Ma la UE lo permetterà ? Penso di no e allora RENZI (o chi per lui) dovrà imboccare la stessa strada di Tsipras e di Varoufakis, ma provvedendo per tempo a non farsi “imbacuccare” (come Tsipras): vale dire farsi tagliare la liquidità.
A Tsipras, l’incidente non sarebbe accaduto se avesse per tempo ripristinato la dracma.

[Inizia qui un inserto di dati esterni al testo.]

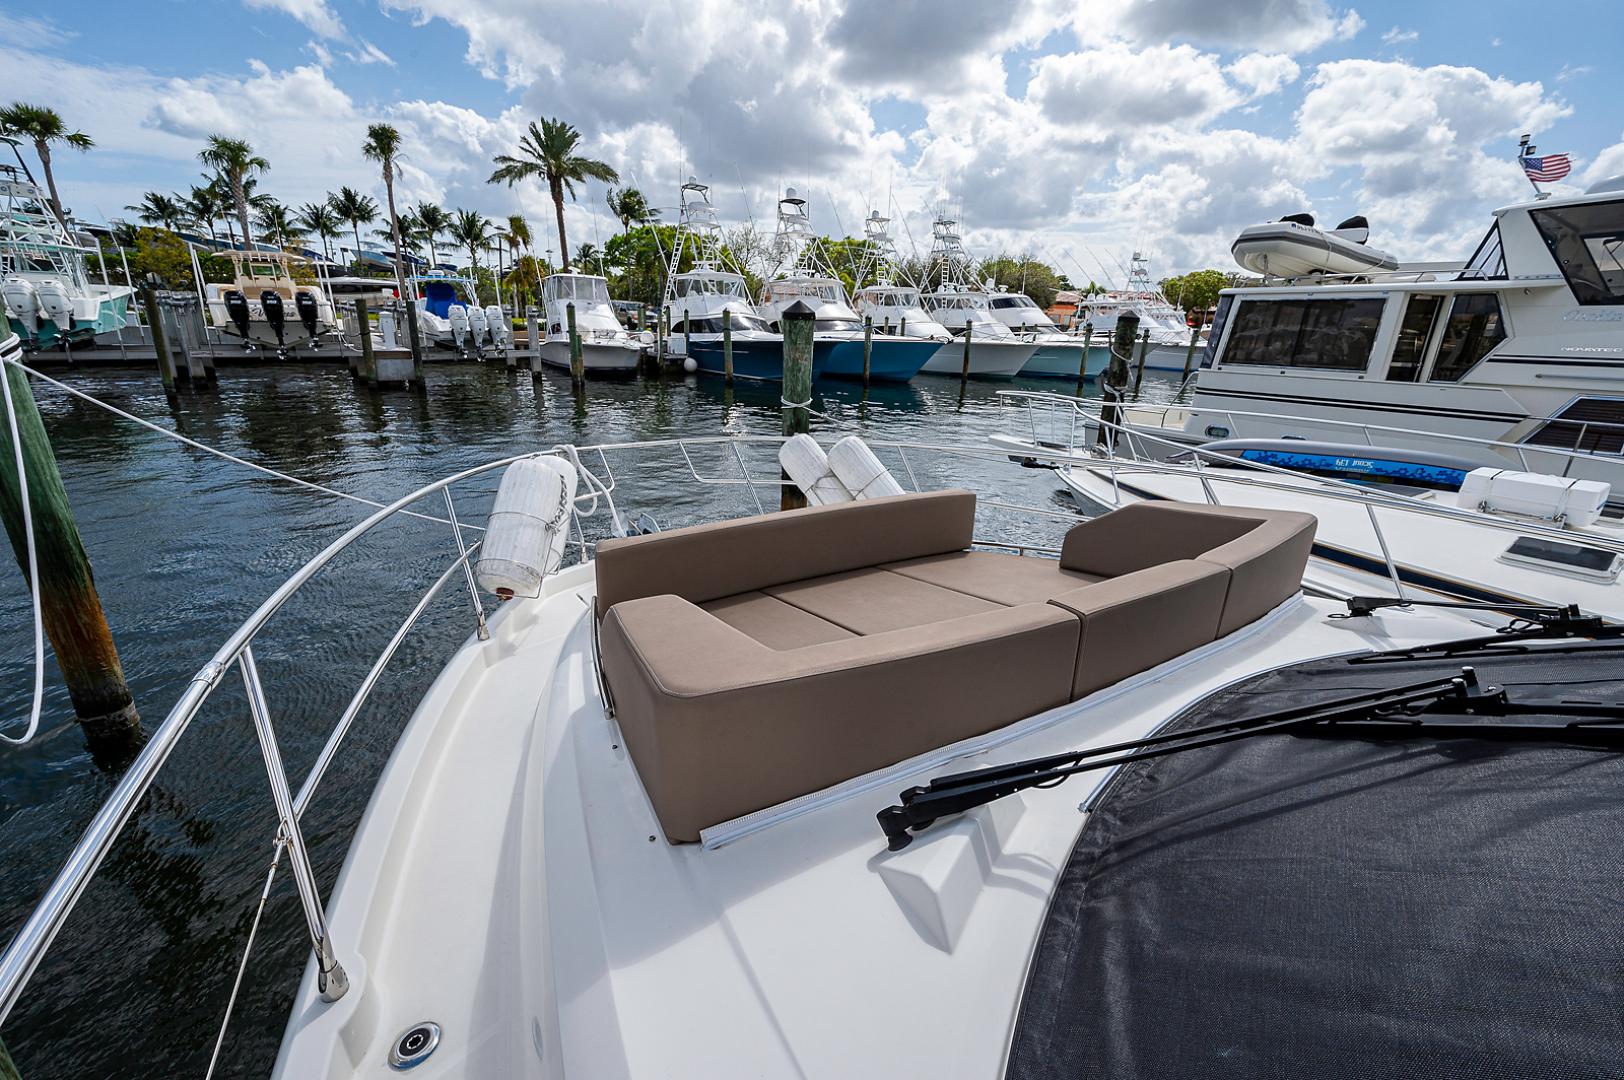 Prestige-460 Flybridge 2018-SEAQUEL Palm Beach Gardens-Florida-United States-Bow-1351146 | Thumbnail

5.- Ripristinare la lira, come seconda moneta, accanto all’Euro ? Non dice nulla il fatto che il Governo Monti, in ossequio alla UE, abbia anticipato la fine della lira ?
Senonchè “diavolo fa le pentole, ma non i coperchi”. E’infatti delle scorse settimane la notizia che la Corte Costituzionale italiana abbia rispristinata la LIRA, sia pur ai fini limiti dei ritardatari rimasti con lire in portafoglio.
Direi che il “coperchio” sia fatto come si deve: vale dire la LIRA sia ripristinata in modo permanente e pronta all’eventuale uso, se questi sia l’ultimo modo per abbattere la metà del debito pubblico, mediante l’inflazione.